Some scientists have suggested erecting giant mirrors above the earth to reflect the sun's energy. Others want to drop sulfur particles from high altitude balloons to do the same. Already, governments are planting trees to absorb carbon dioxide and are injecting heat-trapping gases deep into the earth to be locked away for hundreds of years or more. Others suggest seeding the ocean with nitrogen, another limiting nutrient in parts of the sea.

Iron seeding is a particularly attractive proposal to fight global warming because a small amount of the inexpensive nutrient could result in enormous blooms of microscopic vegetation known as phytoplankton.

Iron already fertilizes portions of the world's seas, carried there by dust storms. But the vast Southern Ocean that surrounds Antarctica, as well as other regions of the world, are missing the iron dust. Throw enough in during the right season, scientists largely agree, and phytoplankton will grow to absorb carbon dioxide from the atmosphere.

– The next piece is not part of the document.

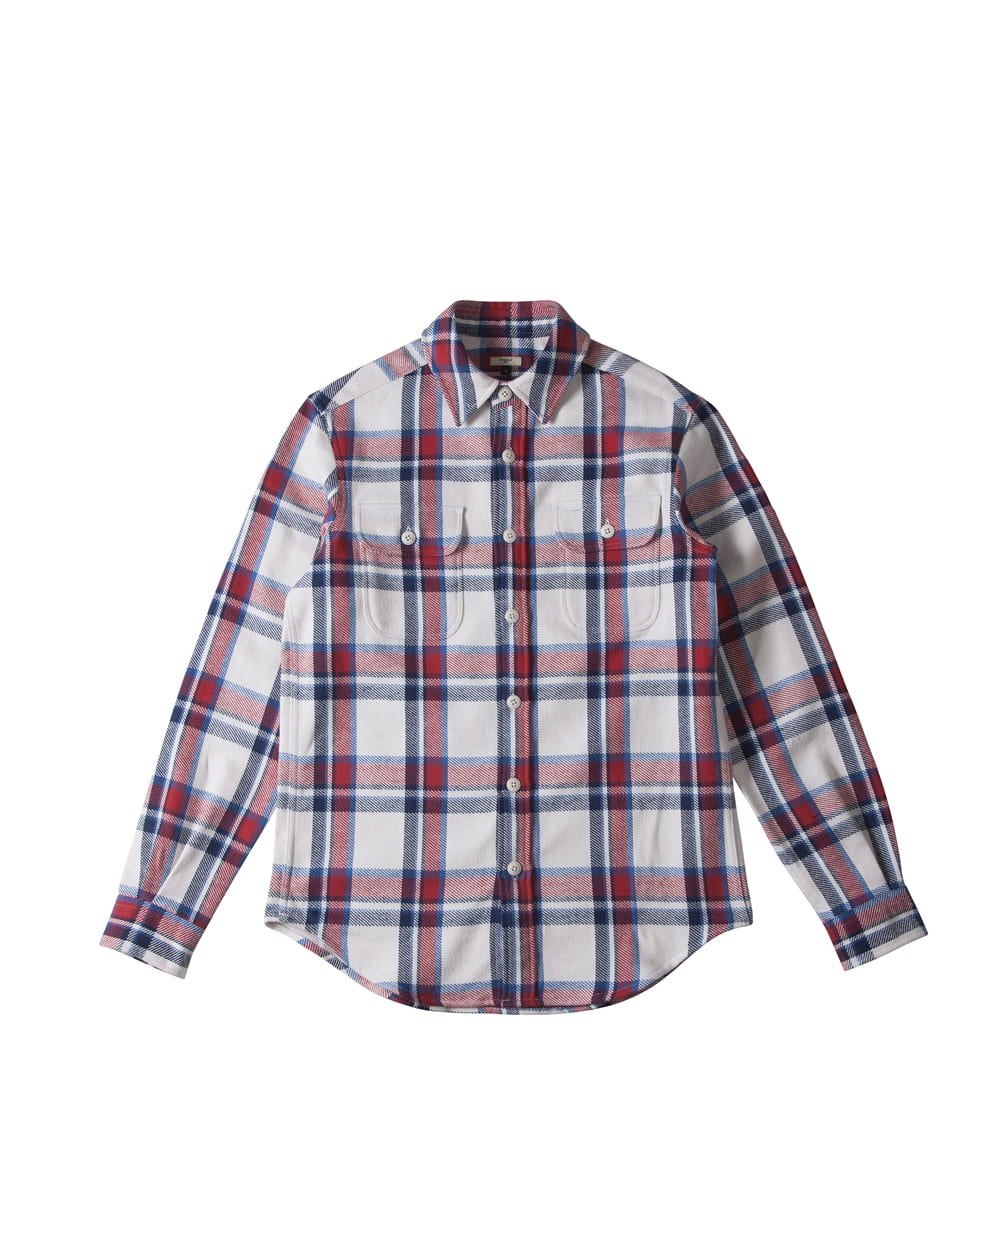 FLANNEL CHECK OVER SHIRT WHITEFRANK J (프랭크제이)

The question is what will happen next.

Scientists know that when phytoplankton are eaten or die, their organic debris rains down deeper into the ocean. Some of it is consumed by other organisms, but some amount - and there is enormous uncertainty about how much - will make it to deep ocean waters and won't resurface for decades, centuries, or even thousands of years.

Some scientists believe the blooms could provide enough food for fish stocks to increase, and others say a gas released by phytoplankton creates aerosol particles that can reflect the sun's energy and reduce global warming.

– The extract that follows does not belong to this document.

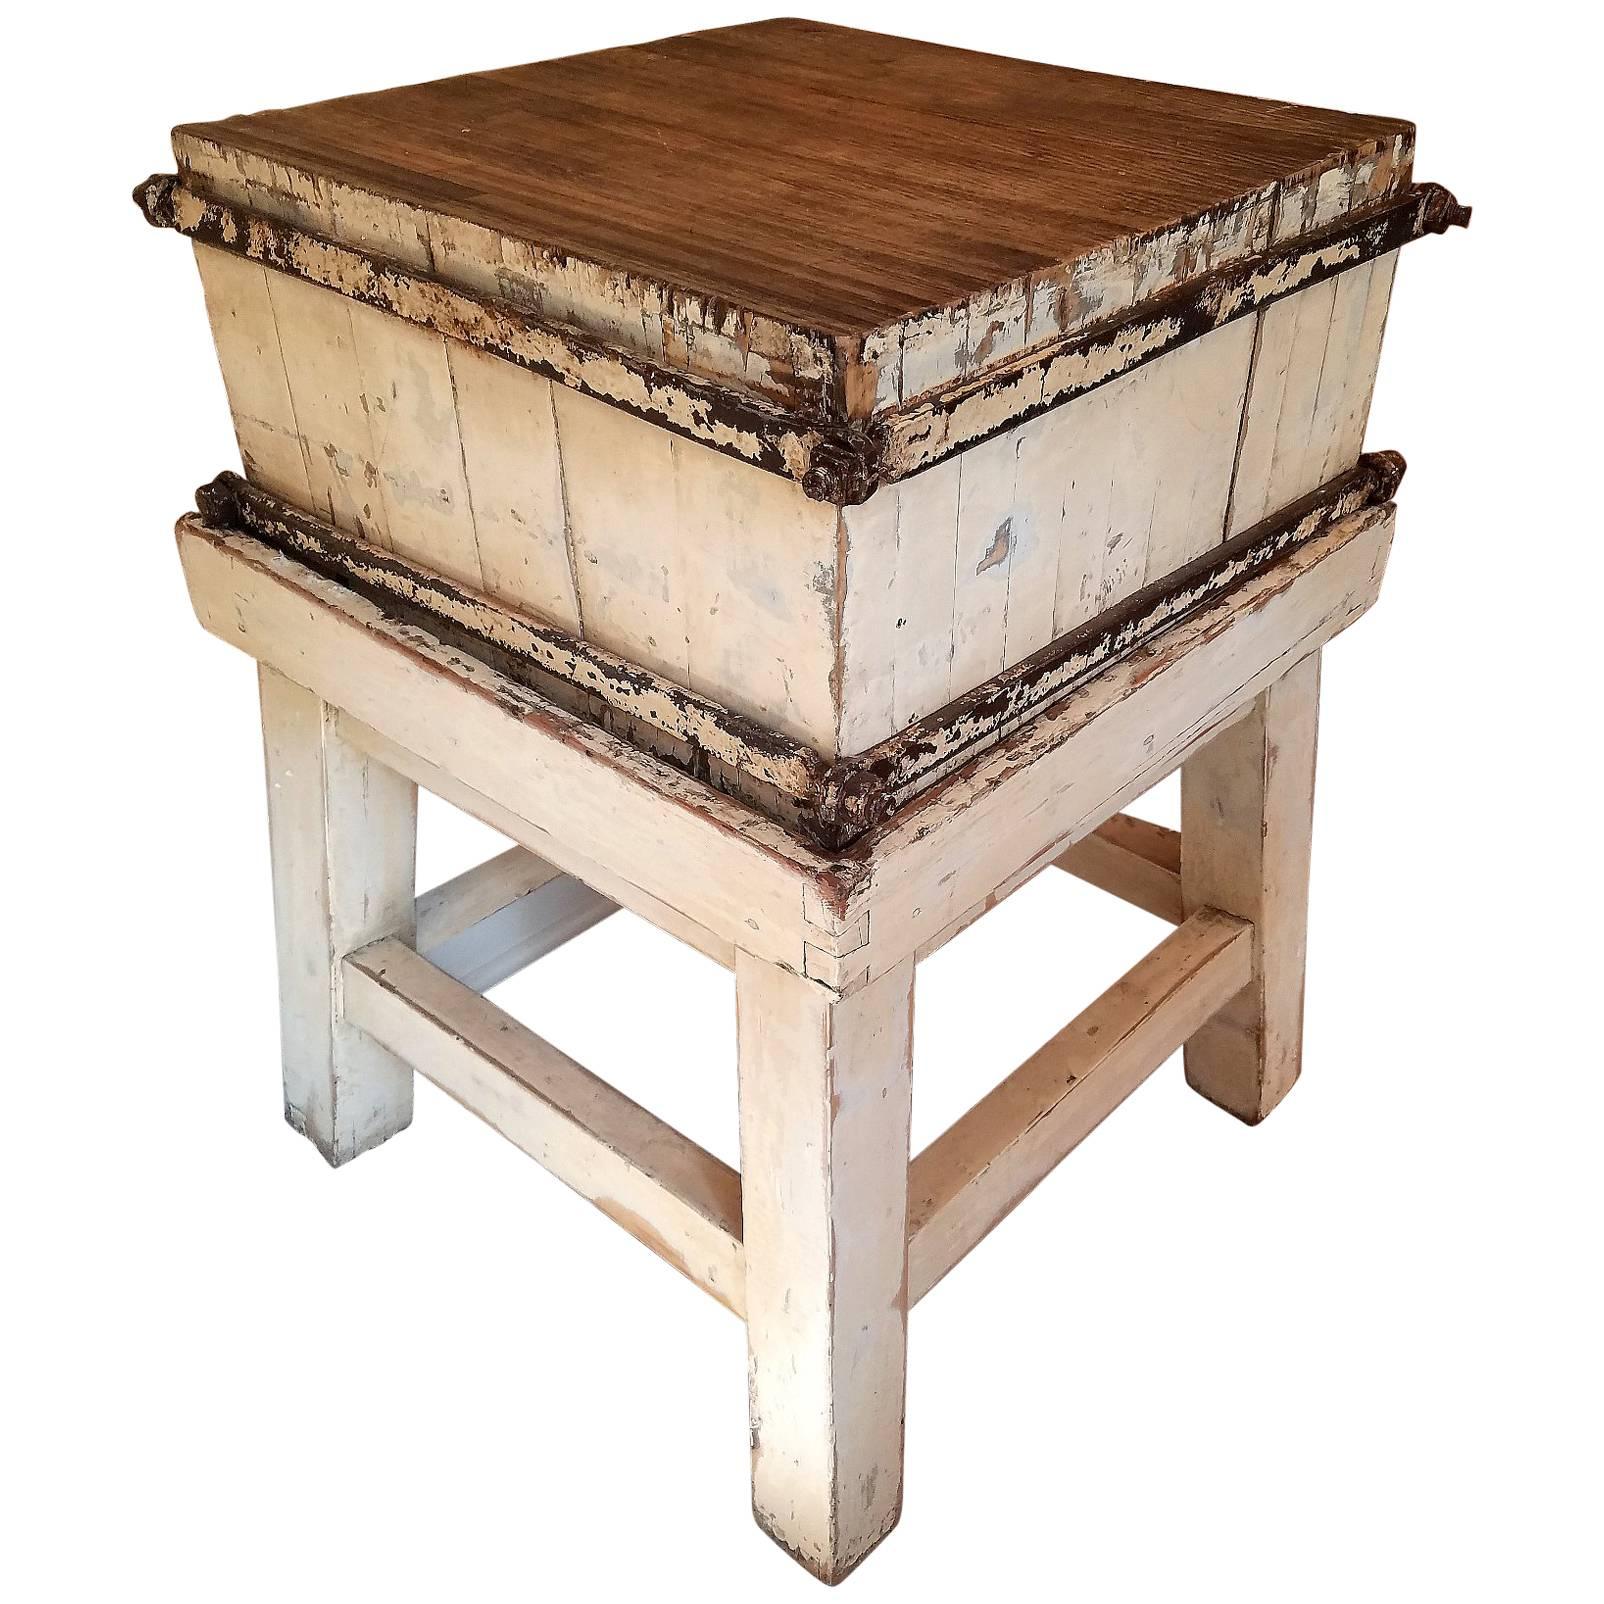 Sweet Vintage Butcher Block from France, circa 1900

But it's unclear if iron seeding really works, or if the problems it may unintentionally create will outweigh its benefits.

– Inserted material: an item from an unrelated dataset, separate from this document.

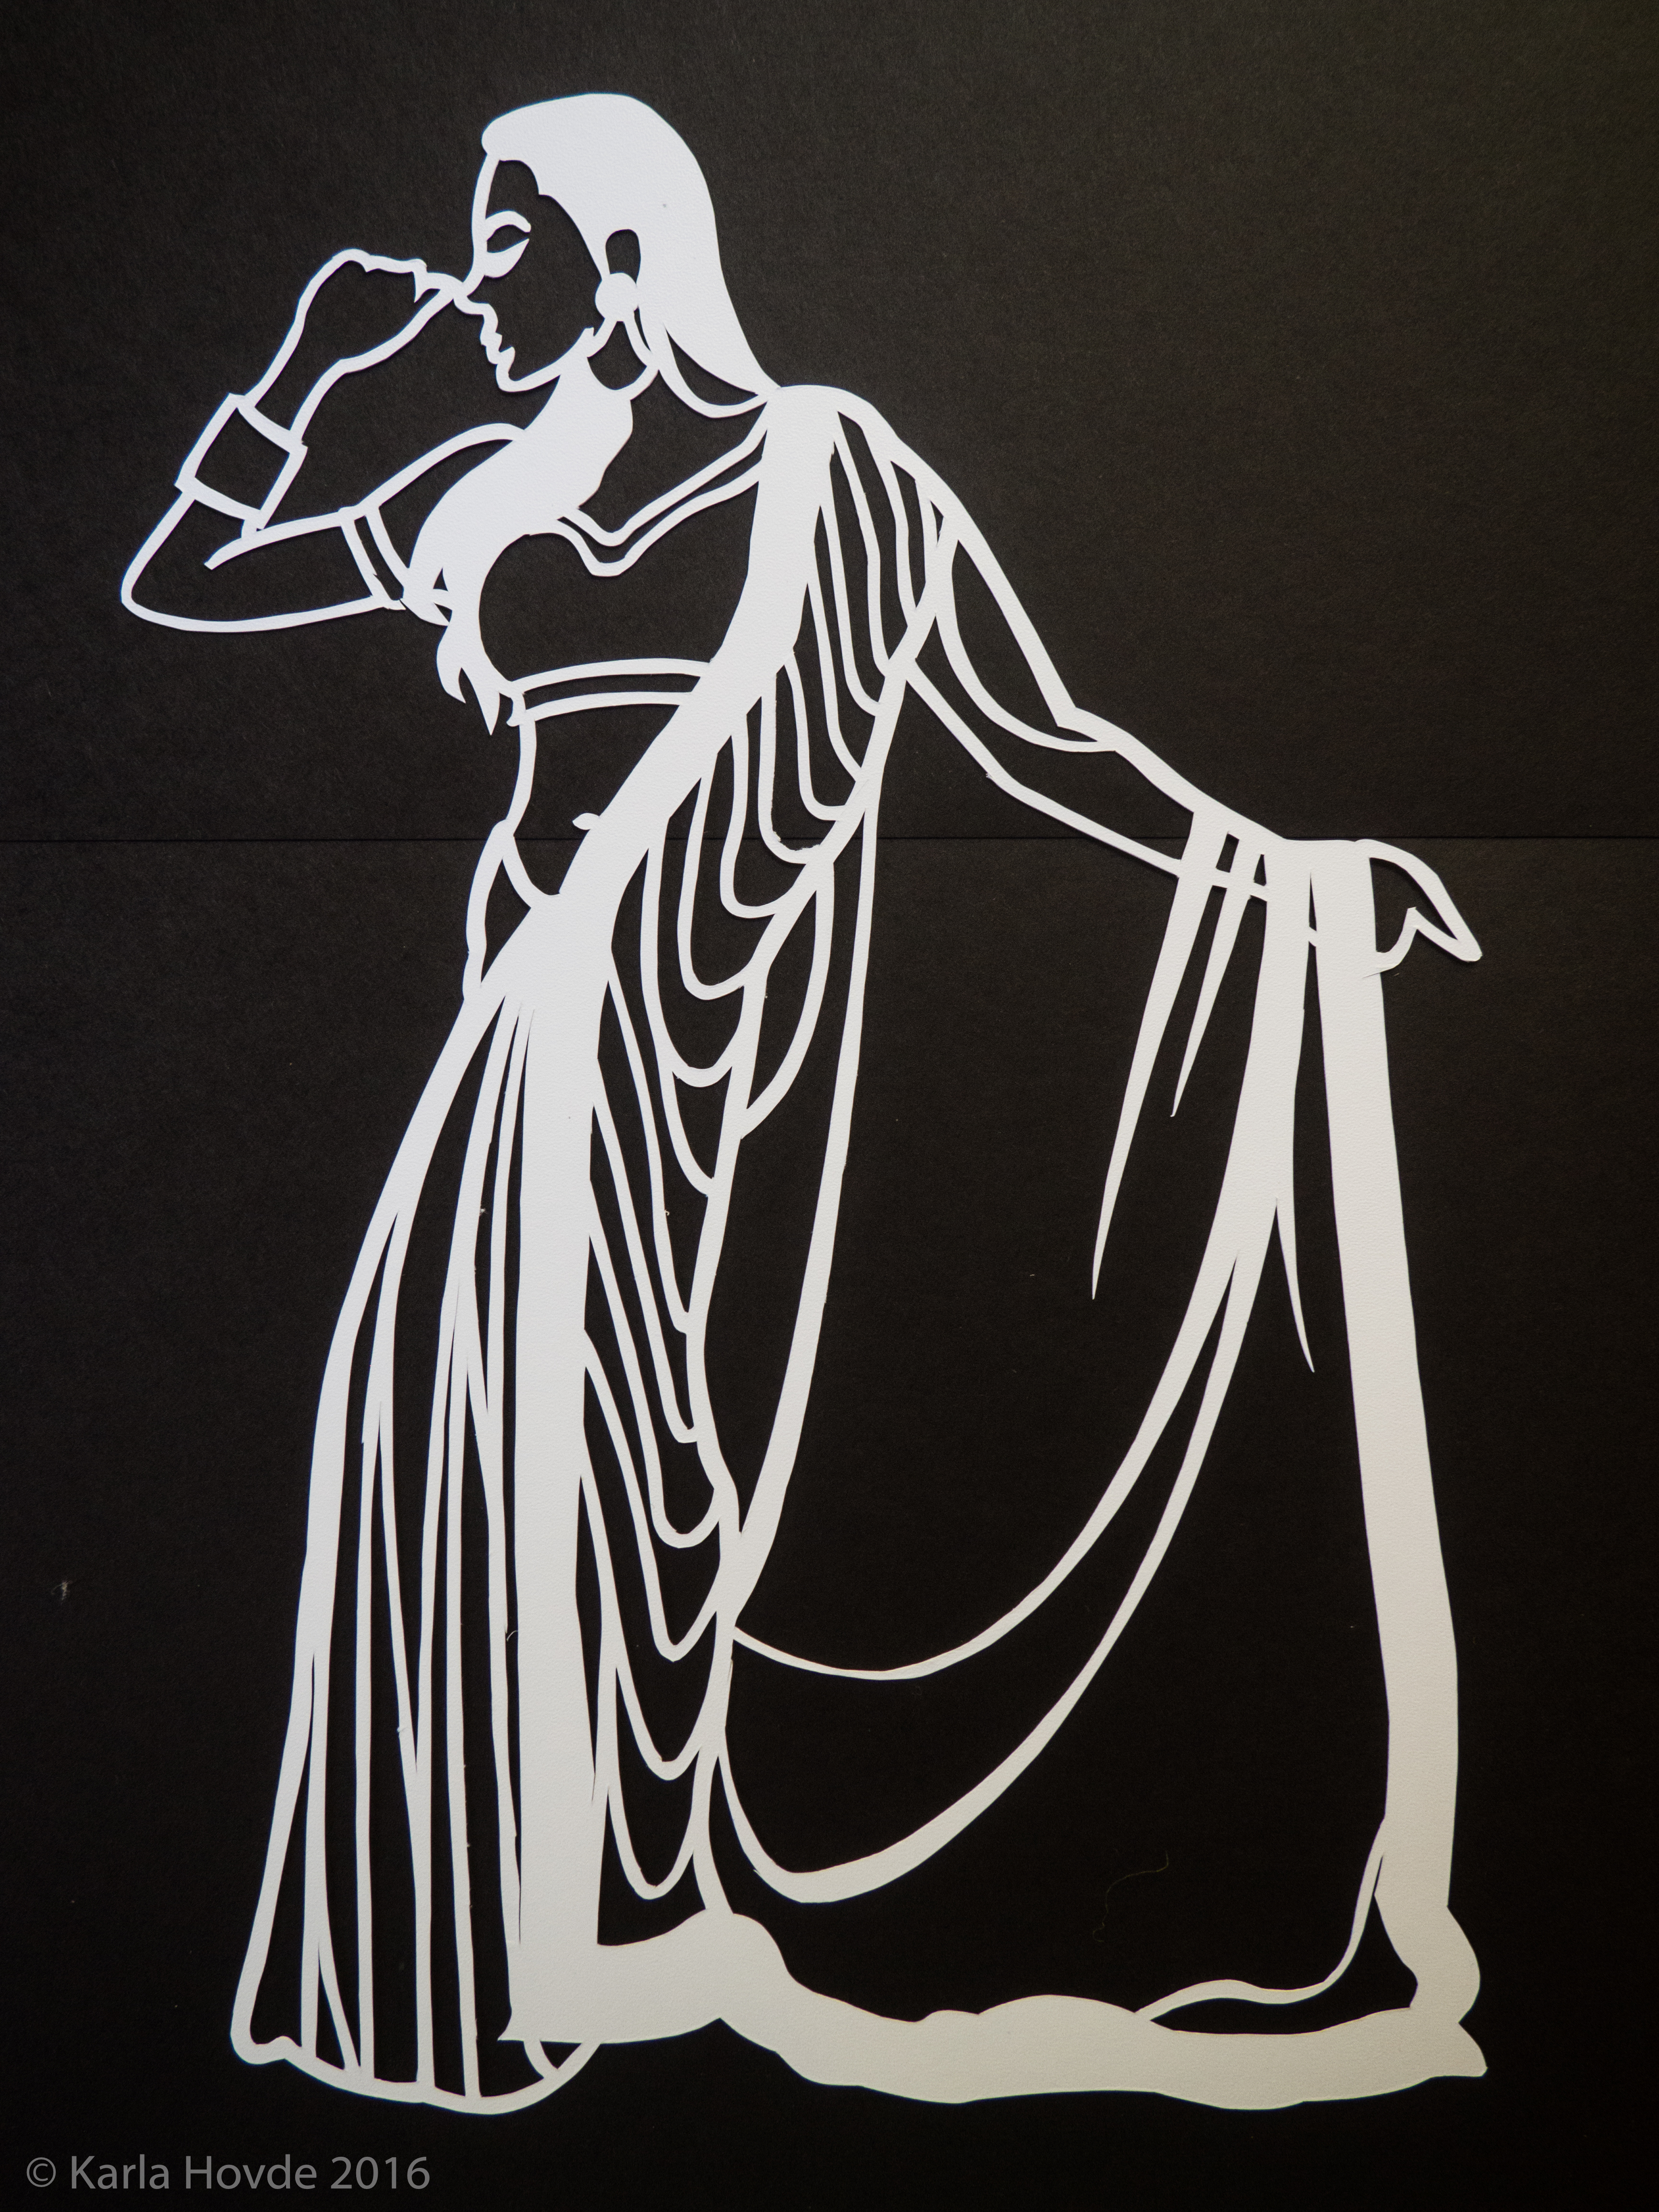 Paper cutting art in white paper shows stylized woman wearing a sari and dancing.

"Every choice we make - every single one - will have a consequence," said Paul G. Falkowski, of Rutgers University.

There have been 11 large-scale iron seeding experiments in the last 15 years, and while all resulted in plankton blooms, they provide no clear consensus of how much carbon actually makes it to the deep ocean. Scientists worry that a powerful greenhouse gas called nitrous oxide will be released as organic matter decomposes in the sea, counteracting the absorption benefit. Some say that over time and with many large-scale iron fertilization projects, oxygen could be depleted in the deep ocean, possibly killing some fish.

"I can predict with confidence there will be more dead fish with iron fertilization," Cullen said. "What I can't do is predict how many more."

Debate or not, companies are moving forward. Businesses are increasingly compensating for the greenhouse gas pollution they create by paying to reduce emissions elsewhere. Planktos Inc. and Climos, the two US companies that are pursuing iron seeding projects, could make millions by selling these credits.

Planktos, based in San Francisco, had planned to release up to 100 tons of iron in the Pacific Ocean 350 miles west of the Galapagos Islands. In May, it was told by the US Environmental Protection Agency that if it were using a US flagged ship, it might need a permit under the Ocean Dumping Act. Planktos postponed the plan.

Officials from Climos, also in San Francisco, said they do not plan any large iron seeding trips within the next year. At the conference, they said they are working with scientists to create a "best practice" blueprint before moving forward.

But some conference participants said a key problem still remains: There is no regulatory scheme to verify how much carbon makes it to the ocean depths nor to ensure that iron-seeding companies are not harming the environment.

While the United States could require a US-flagged ship to conduct an environmental review of any iron seeding project, a company could merely re-flag the vessel from a country that is unlikely to require the same. An international anti-dumping treaty known as the London Convention issued a statement of concern in June about iron fertilization, calling for more research.

"These types of proposals are multiplying around the world, and there is no structure in place to evaluate if any of them work," said Lisa Speer, director of the water and oceans program for the Natural Resources Defense Council who attended the meeting. "People are going after these gigantic projects without any thoughtful, rational process."